The album fittingly opens with a child cheerfully recounting an angelic visitation in which they were informed that their entire whole family is going to heaven very soon, which cues up a characteristically roiling sea of guitar noise and twinkling synths.  That is, of course, textbook Nonconnah territory and few artists can match their skill at crafting texturally rich “wall of sound” dronefests of celestial bliss.  Unsurprisingly, such churning oceans of guitar noise nirvana (along with twinkling synths) are the most prominent recurring theme throughout Nonconnah vs. the Spring of Deception, but the album has an unusual structure in which the “songs” are somewhat brief and tend to cycle through multiple motifs within just a three- or four-minute span.  That approach is most prominent in “We Were Free Here Once But No Longer,” as it ecstatically opens with a rush of overlapping melodies spiraling endlessly heavenward in a swirl of whooshing and warping psychedelia before the bottom drops out to reveal a surreal interlude of detuned mindfuckery and classical guitar runs before dissolving into a blearily hallucinatory outro of warbling distressed tape dreaminess.  

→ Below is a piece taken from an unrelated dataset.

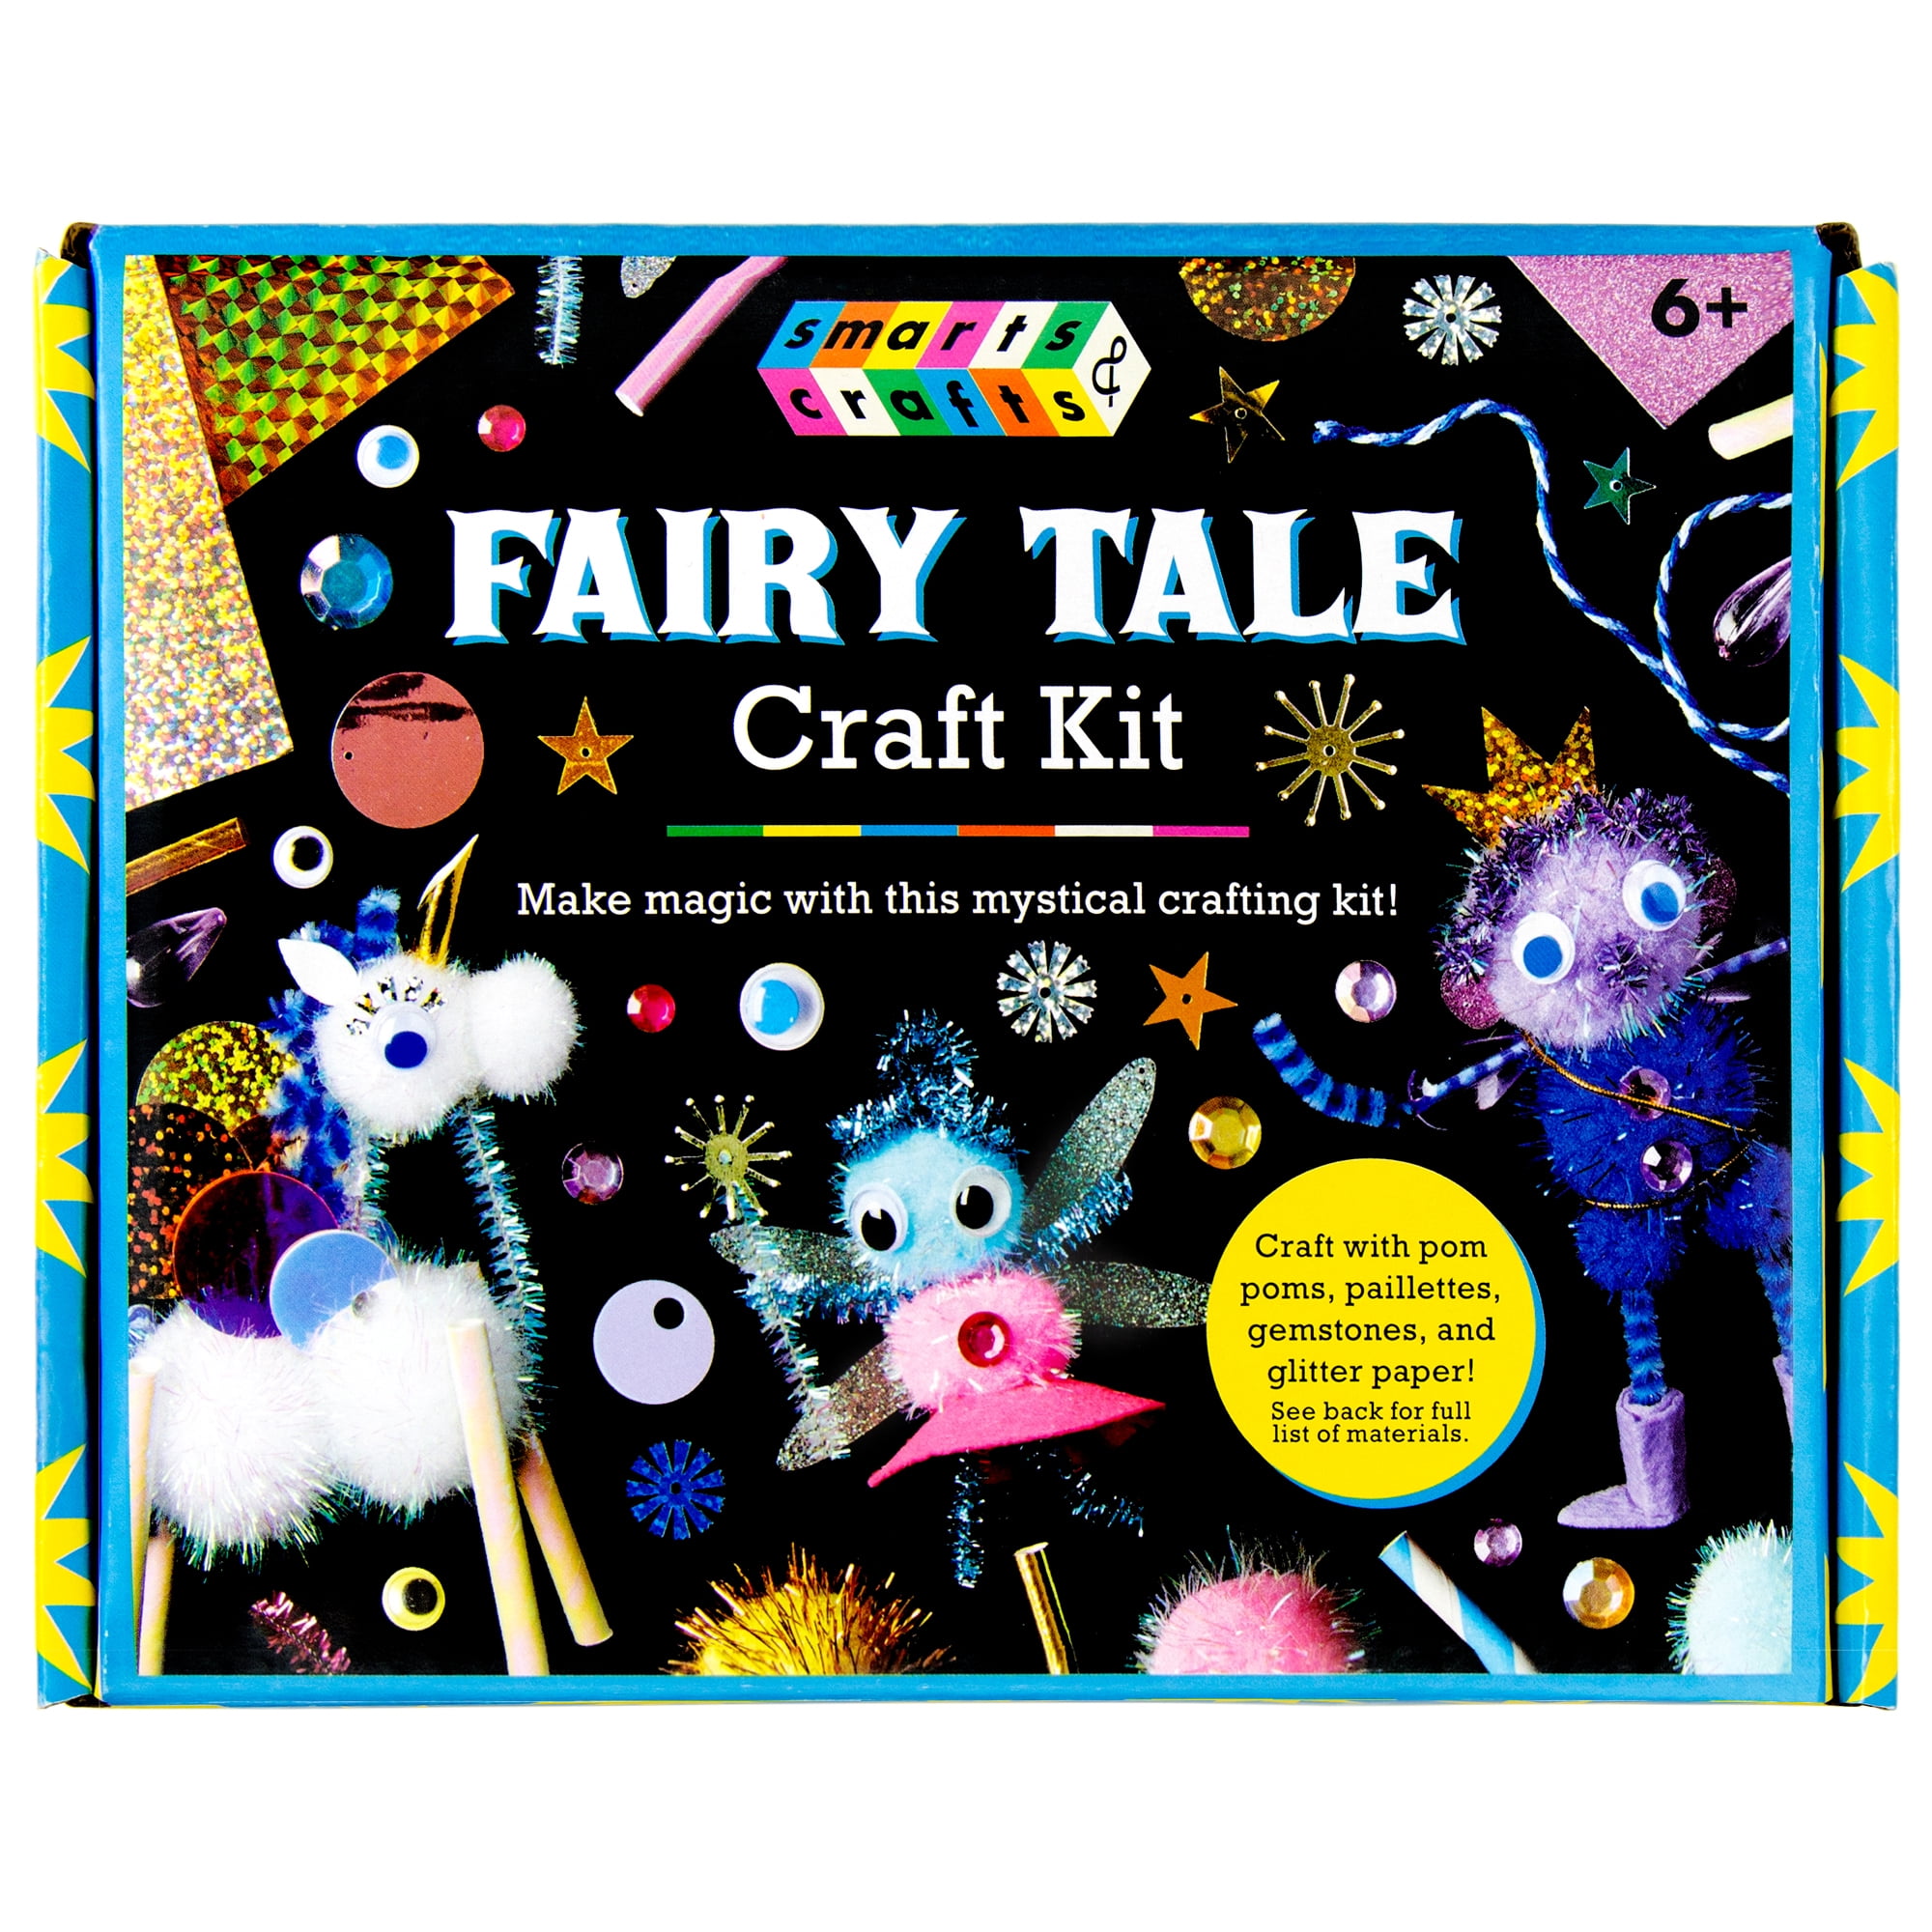 Kid Made Modern - Deluxe Arts and Crafts Supply Collection - 1500+ Piece -  DIY Kids Crafts - Bulk Craft Set - Create Your Own Art - Includes Art

My initial reaction to this album was admittedly “the seams are showing a bit more than usual here,” but I have since decided that the overall impression is much more akin to channel surfing through The Rapture (or at least scrolling through The Rapture on one’s phone): just a delirious, dizzying, and endlessly shifting flood of intense and ephemeral impressions.  Which I suppose is what life can be like too if you experience it as a spectator rather than a participant, though Nonconnah have dramatically enhanced that experience by removing all of the bad bits.  To paraphrase the title of the opening piece, the Corsas have successfully escaped Doomscroll Valley and are now valiantly trying to lead others towards the light of a natural world full of beauty, wonder, and meaningful human connections.  As the written passages in the album insert reveal, the Corsas are very aware of the darkness of our times, but one woefully under-embraced alternative to watching helplessly as the world bloodily unravels is to devote oneself to creating something beautiful (or even transcendent) instead.  I suppose Nonconnah have always been a beacon of light for fans of killer drone music, but that impulse is definitely more universal and explicit here than it is when they make albums about deadly Victorian wallpaper.  To give an analogous (if hyperbolic) historical precedent, there were plenty of amazing saxophonists tearing it up on the jazz scene in the tumultuous 1960s, but John Coltrane was the one who met the moment and recorded A Love Supreme.  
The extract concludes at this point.